Which Christianity? continued
0 comment Friday, November 28, 2014 |
After reading a blog entry over at VFR, 'What Christianity requires in order not to be destructive of society'
I think I have a glimmer of understanding that had not occurred to me before. If anyone else has thoughts or comments, please feel free to add your thoughts.
Auster says
The key to Christian this-worldly confidence is not that an individual Christian be Jewish (an absurd and offensive idea); it is that Christian society--any Christian society--must include non-Christian cultural and political sources.
This is an absolutely fundamental point that Christians must understand. The original teaching of Christianity as presented in the New Testament is about how to live in what Jesus called the kingdom of heaven. It is about the individual soul's relation with God through Christ. It is not about the political organization of society. The New Testament simply assumes the existence of political society and goes on from there. Because Christianity is not, like orthodox Judaism and Islam, a complete recipe for this-worldly existence, Christian society is necessarily more complex--more differentiated, to use Eric Voegelin's term--than any other. It is multileveled, mediating between the pole of the Christian, spiritual realm and the pole of political and cultural existence in this world, which does not come from Christianity itself. If the society loses its this-worldly pole it will go out of existence. ''
Yes, this makes sense. Much of the New Testament is concerned with Kingdom living, which fact was touched on in a recent thread in which a reader mentioned the Sermon on the Mount and the ethos prescribed there.
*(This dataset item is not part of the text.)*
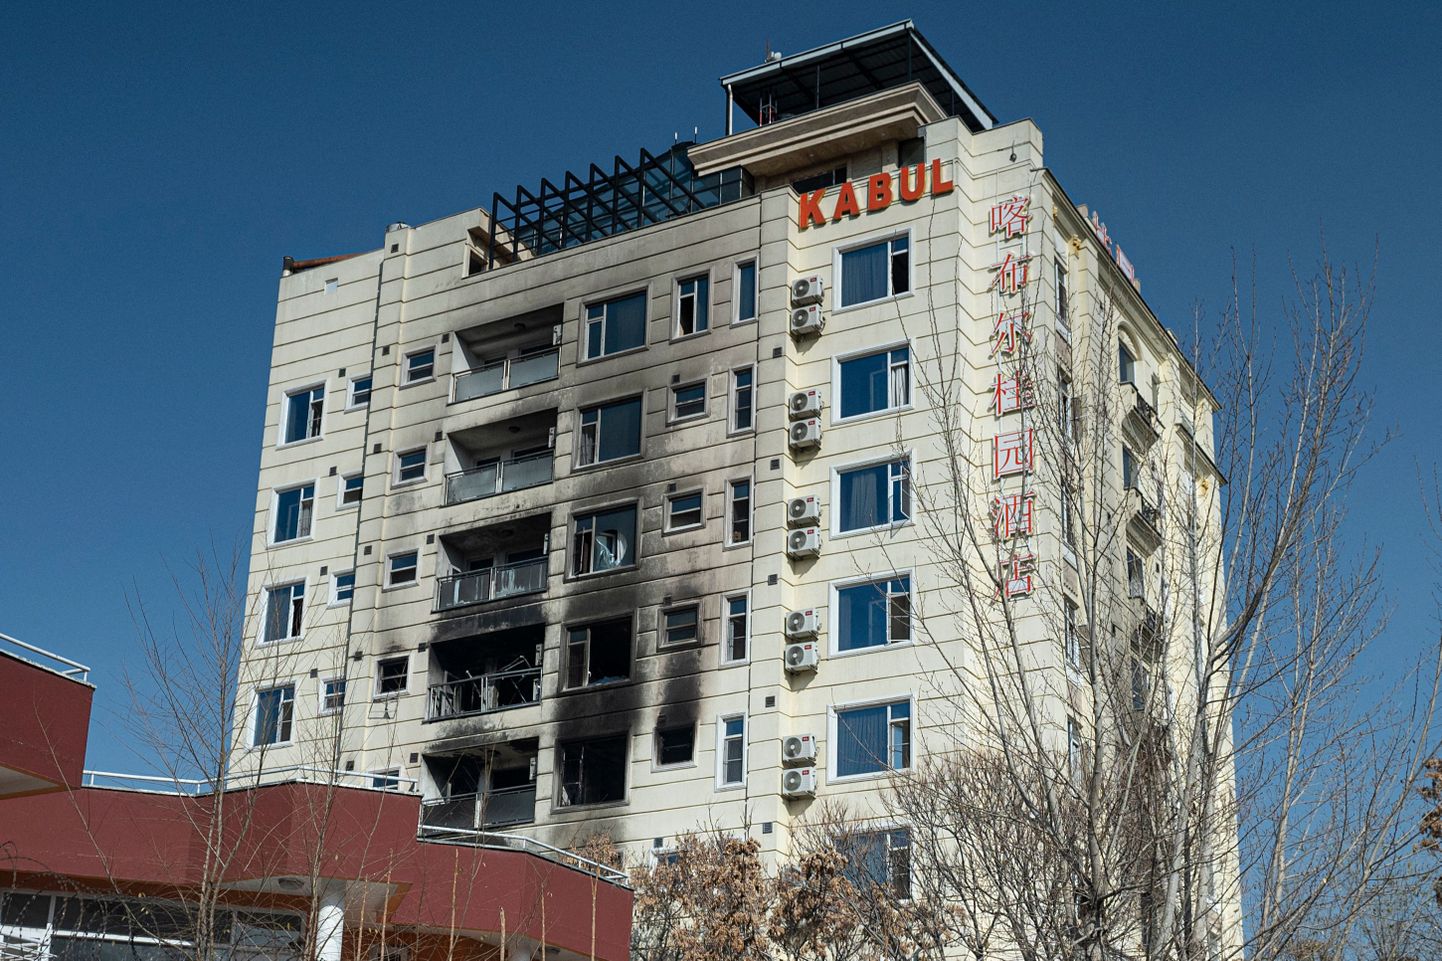 Kabulis 12. detsembril äärmusrühmituse Islamiriik rünnaku alla sattunud hotell.

Lawrence Auster in his blog entry makes this point which seems important:
Historical Christianity included the Old Testament as part of its scripture. This was a non-Christian source that provided the sense of living in this world as a community of people under God, a sense that is not provided by the New Testament. Thus Protestants, including the people who created America, were able to build strong national societies because they based themselves heavily on the Old Testament with its powerful sense of a people under God.''
Yes, I think the Old Testament religion is often described as 'this-worldly', while the New Testament is not concerned as much with this world. We are told to think of ourselves as 'pilgrims and strangers' in this world, and to consider ourselves as seeking a heavenly country. But for now we do have to live in this world, and it does seem that we need the anchoring in the Old Testament to keep us grounded.
I do think that Christianity is sufficient, just as I believe that the Bible is sufficient, but we have to take the 'whole counsel of God', both Old and New Testaments. It does seem to be true that the very liberal pacifist Christian concentrates solely on the New Testament, and tends to eliminate all but the Gospels or the words of Jesus. That does give one a very otherworldly orientation.
It definitely seemed to me that the turning point came with the liberalizing trend in Christianity, the point at which Christianity became a stunted form of the faith of our fathers. And that trend coincided with the downplaying or outright rejection of much of the Old Testament. Something important was lost there.
There is a saying that some Christians are 'too heavenly-minded to be any earthly good.' I think there is truth in that description, and it sums up the divide between the liberals and the conservative Christians pretty well.
I am still mulling all this over, and it's late, so these are just some quick random thoughts about what I have just read.
I hope my readers will offer their perspectives, and of course if you haven't already, read the post at VFR.
Thanks to Lawrence Auster for giving me some real food for thought here.